En las últimas cuatro décadas el propio vocablo de ‘socialista’ estuvo fuera de la arena política, casi en el destierro. Y su último soporte ideológico (el marxismo) de igual manera. En su lugar, las izquierdas adoptaron e impulsaron una versión amable del pensamiento liberal: el liberalismo igualitario. Y así, la geometría ‘izquierda-derecha’ no fue como en el siglo 19 y primera mitad del 20, entre liberales y socialistas, sino entre dos versiones del liberalismo: igualitarios (tipo Rawls) versus libertarios o neoliberales (tipo Nozik). Los primeros promovían la edificación de la socialdemocracia y el discurso de los derechos en una sociedad plural; los segundos se fueron convirtiendo en los conservadores (en el ámbito de la moral pública) y rapaces promotores de la desigualdad extrema (en el ámbito de la economía). La hegemonía que tomaron estos últimos se manifiesta en el ecocidio brutal por los proyectos extractivistas, la sobre explotación de los trabajadores, ya que el capital ha aumentado sus ganancias a costa del abaratamiento extrangulante del trabajo y de la generación de una masa enorme de personas despojadas. En otras palabras, el triunfo liberal-darwinista está edificado sobre el signo del despojo de lo común: aguas, cielo, subsuelo, y renta pública. Y el resultado es brutal: fragmentación social y depredación del planeta.

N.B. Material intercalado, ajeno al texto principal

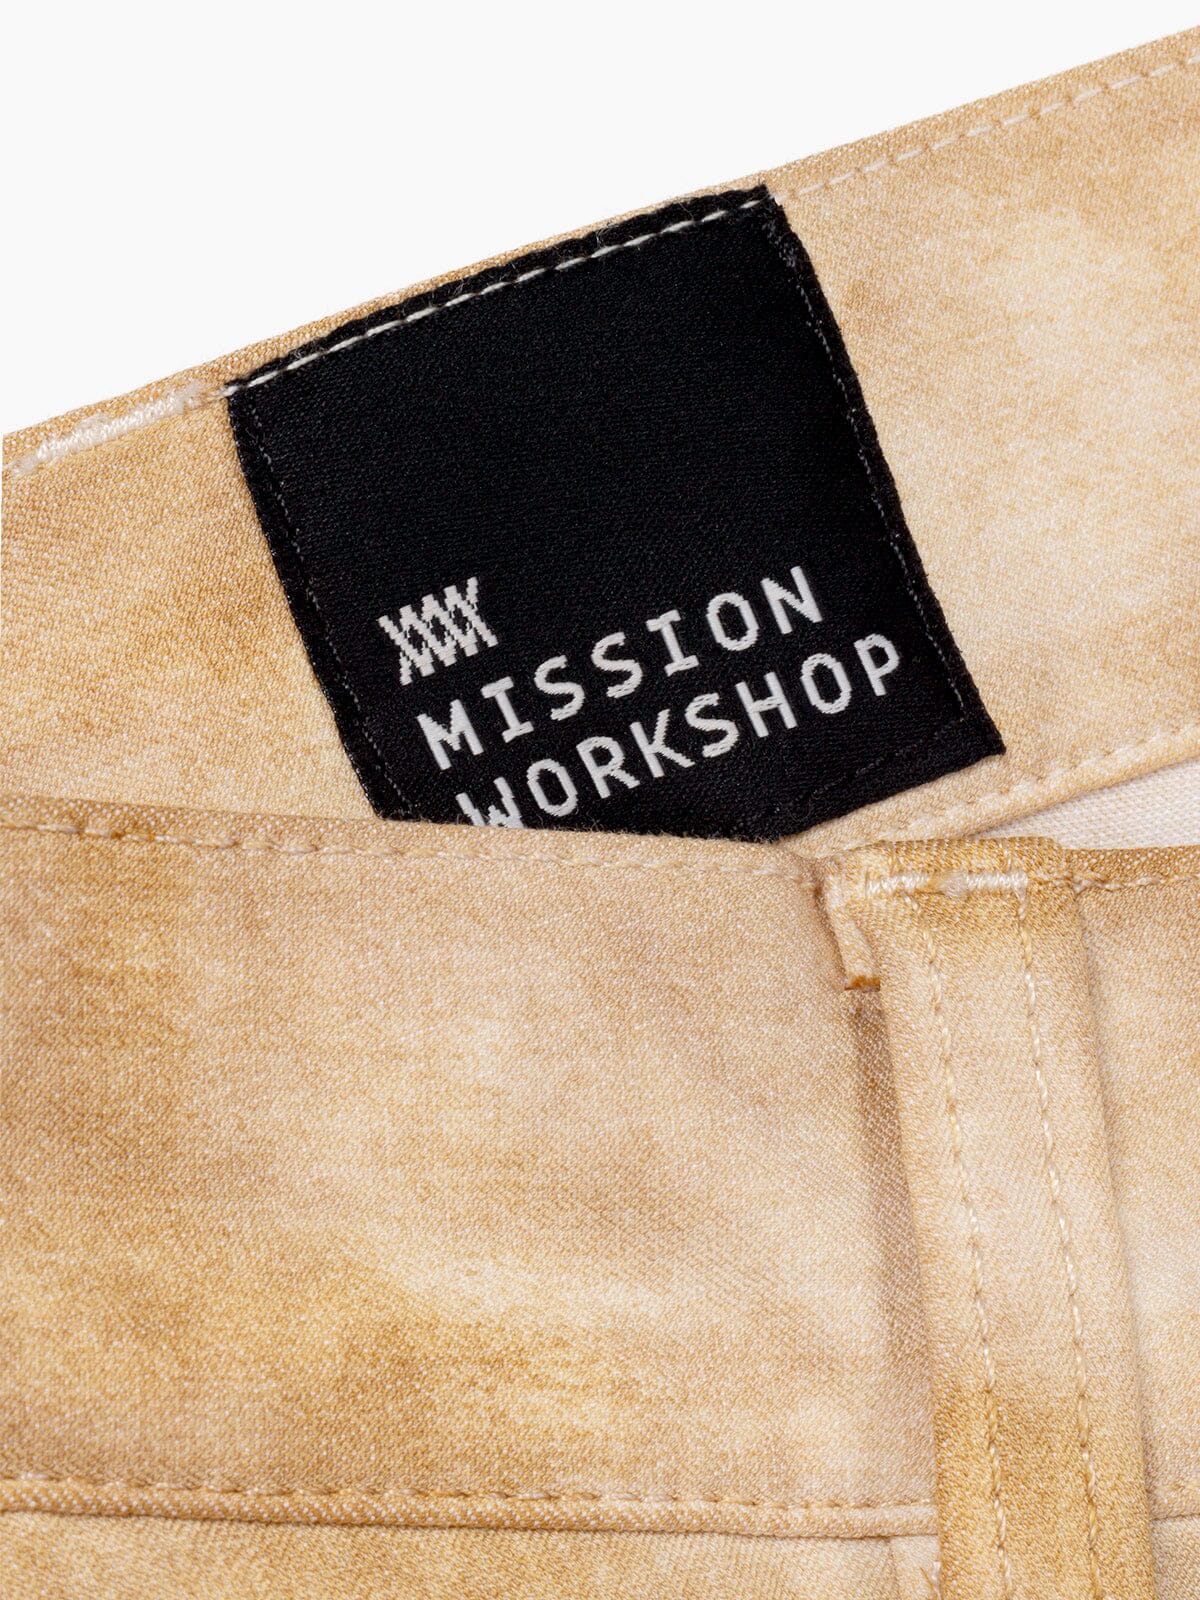 Paragon by Mission Workshop - Väderbeständiga väskor och tekniska kläder - San Francisco & Los Angeles - Byggda för att tåla - Garanterade för alltid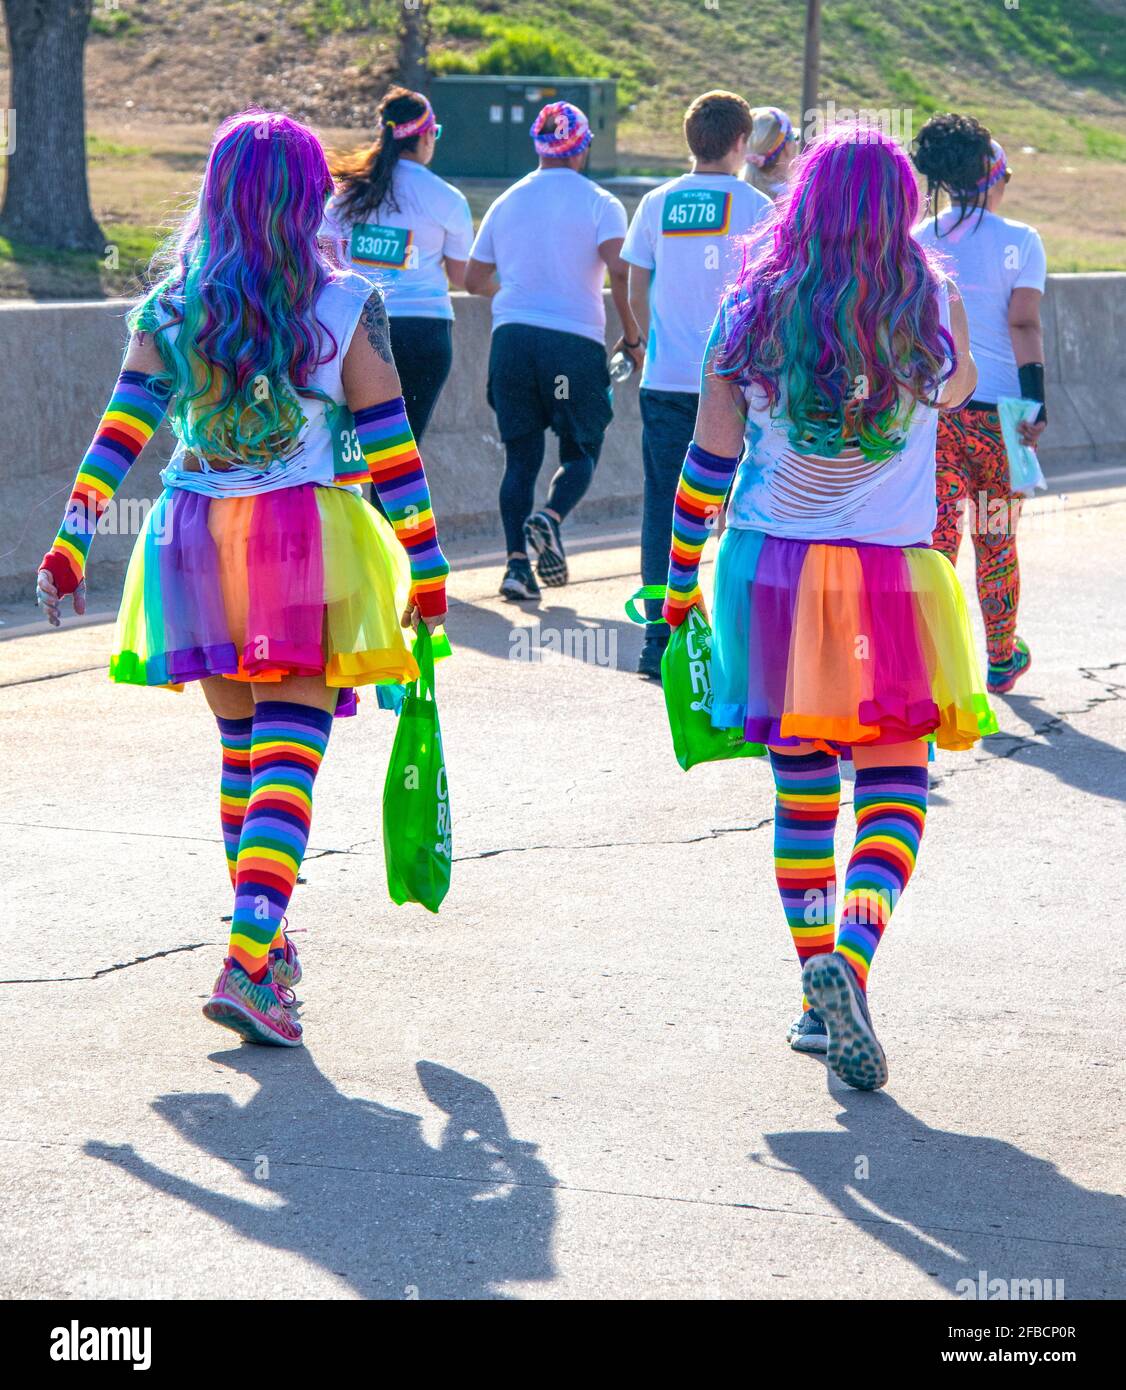 4-6-2019 Tulsa - zwei Frauen, die am Tulsa Color Run teilnehmen, gehen mit langen, regenbogenfarbenen Haaren, Regenbogenstreifen-Tutus und Socken von der Kamera weg Stockfoto

Sin embargo, en estos años del despojo ‘de-lo-común’, el pensamiento socialista no dejó de evaluarse y renovarse. Y ahora vuelve a salir a flote: autores como Hard, Negri, Laclau, Zizek, Vattimo, Badiou, entre otros, han puesto sobre la mesa sendos textos que alumbran una senda que ahora mismo ya está (otra vez) en el punto cero. Ese punto cero implica también un cierto regreso a los orígenes, y estos se encuentran en el terreno del pensamiento religioso. Recordemos que religiosos que incursionaron en el Paraguay e inspirados en las prácticas de las primeras comunidades paulinas en el origen del cristianismo y expresada en Hechos de los Apóstoles, donde “tenían todo en común y repartían los bienes según la necesidad de cada uno”, escribieron sus reportes de las reservaciones guaraníes, y dichas experiencias a su vez inspiraron a los que luego se llamaron ‘socialistas’ en el viejo siglo 18 y el joven siglo 19. Por ello, no es casual la irrupción de una muy rica teología política con esta dirección.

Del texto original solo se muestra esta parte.